Соня похолодела. «Анна Каренина». «Палкой!» Мать, не желающая смотреть в ее сторону… Она знает?! Она знает! Ирка! Ирка, а кто же еще?
— И вот теперь я думаю, Сереженька… — Мать наконец метнула в сторону Сони быстрый казнящий взгляд. — Я думаю, наша Шура была права. Я перечла книгу. Анна мне омерзительна. Животное. Самка.
Мать обо всем знает. У Сони сжалось сердце. Такое чувство… Такое ощущение, что все вокруг рушится. Медленно падают вниз куски штукатурки, сыплются песок и известь, летят в стороны обломки стен. Бесшумно, беззвучно, как в кино, когда выключен звук. Все рушится. Катастрофа. Уже ничего нельзя спасти. Вот так стоишь соляным столбом посреди разрухи, на руинах, развороченных бесшумным взрывом. И обрывки гневных фраз едва долетают до слуха. Контузия, руины. Ничего нельзя спасти.
— Соня, ты чего встала-то? — удивленно спросил Сергей. — Садись к столу. Юлия Аверьяновна клубники привезла, попробуй.
— …Когда стареющая женщина, — гневно продолжала мать, — жертвует благополучием мужа и сына… сжигая все в топке своих страстей…
— Неплохо, — весело отметил Сережа, придвигая к себе черновик. — «Топка страстей»! Продайте фразочку. Куда-нибудь вставлю.
— Ты же пишешь для Воениздата! Кого ты можешь бросить в топку? Только Сергея Лазо, — съязвил Сашка, разминая в тарелке мясистую клубничную мякоть. Соня тупо смотрела на это густо-алое, с бледными прожилками сердцевин, ягодное месиво. Сашка залил его молоком. Клубника с молоком, Сашка любит.
— Не кощунствуй! — заметил Сережа, втайне гордясь сыновним юмором.
— А мне ее не жаль. — Теперь Юлия Аверьяновна смотрела только на Соню, испепеляя дочь инквизиторским взором. — Каждый ее шаг продиктован эгоизмом. Голод плоти и эгоизм.

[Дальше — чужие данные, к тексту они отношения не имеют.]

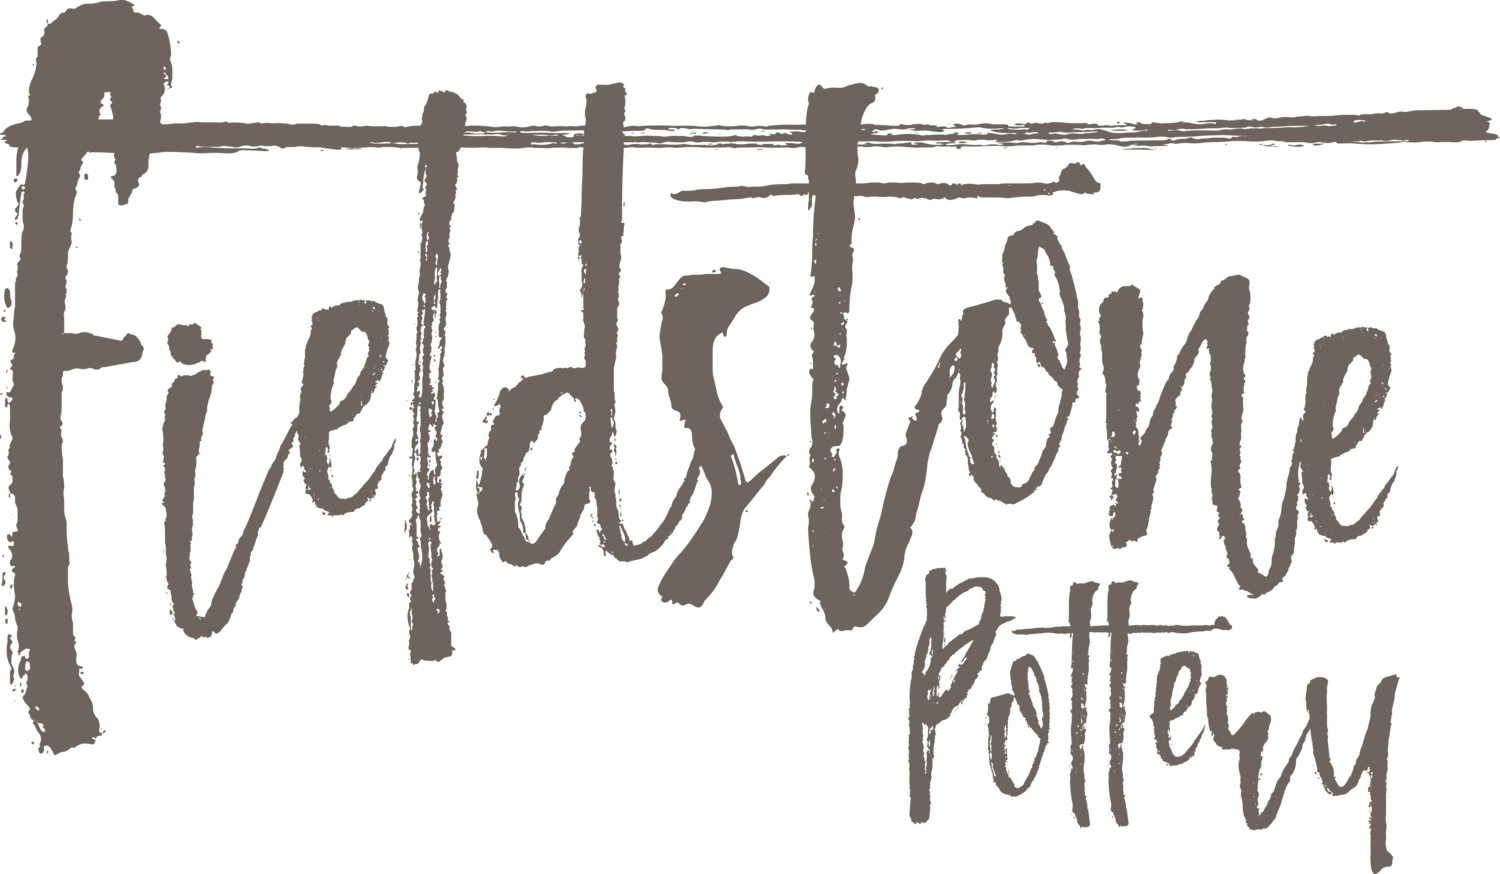 Fieldstone Pottery

Катастрофа. Соня медленно подошла к столу. Вот ее сын и муж. Сережа поправляет очки указательным пальцем, глядя в черновик. Он еще ничего не знает. А мать уже знает. Уже рухнули стены, их не поднимешь. Сониного дома больше нет.
Она вышла из кухни, подошла к телефону и набрала Иркин рабочий номер.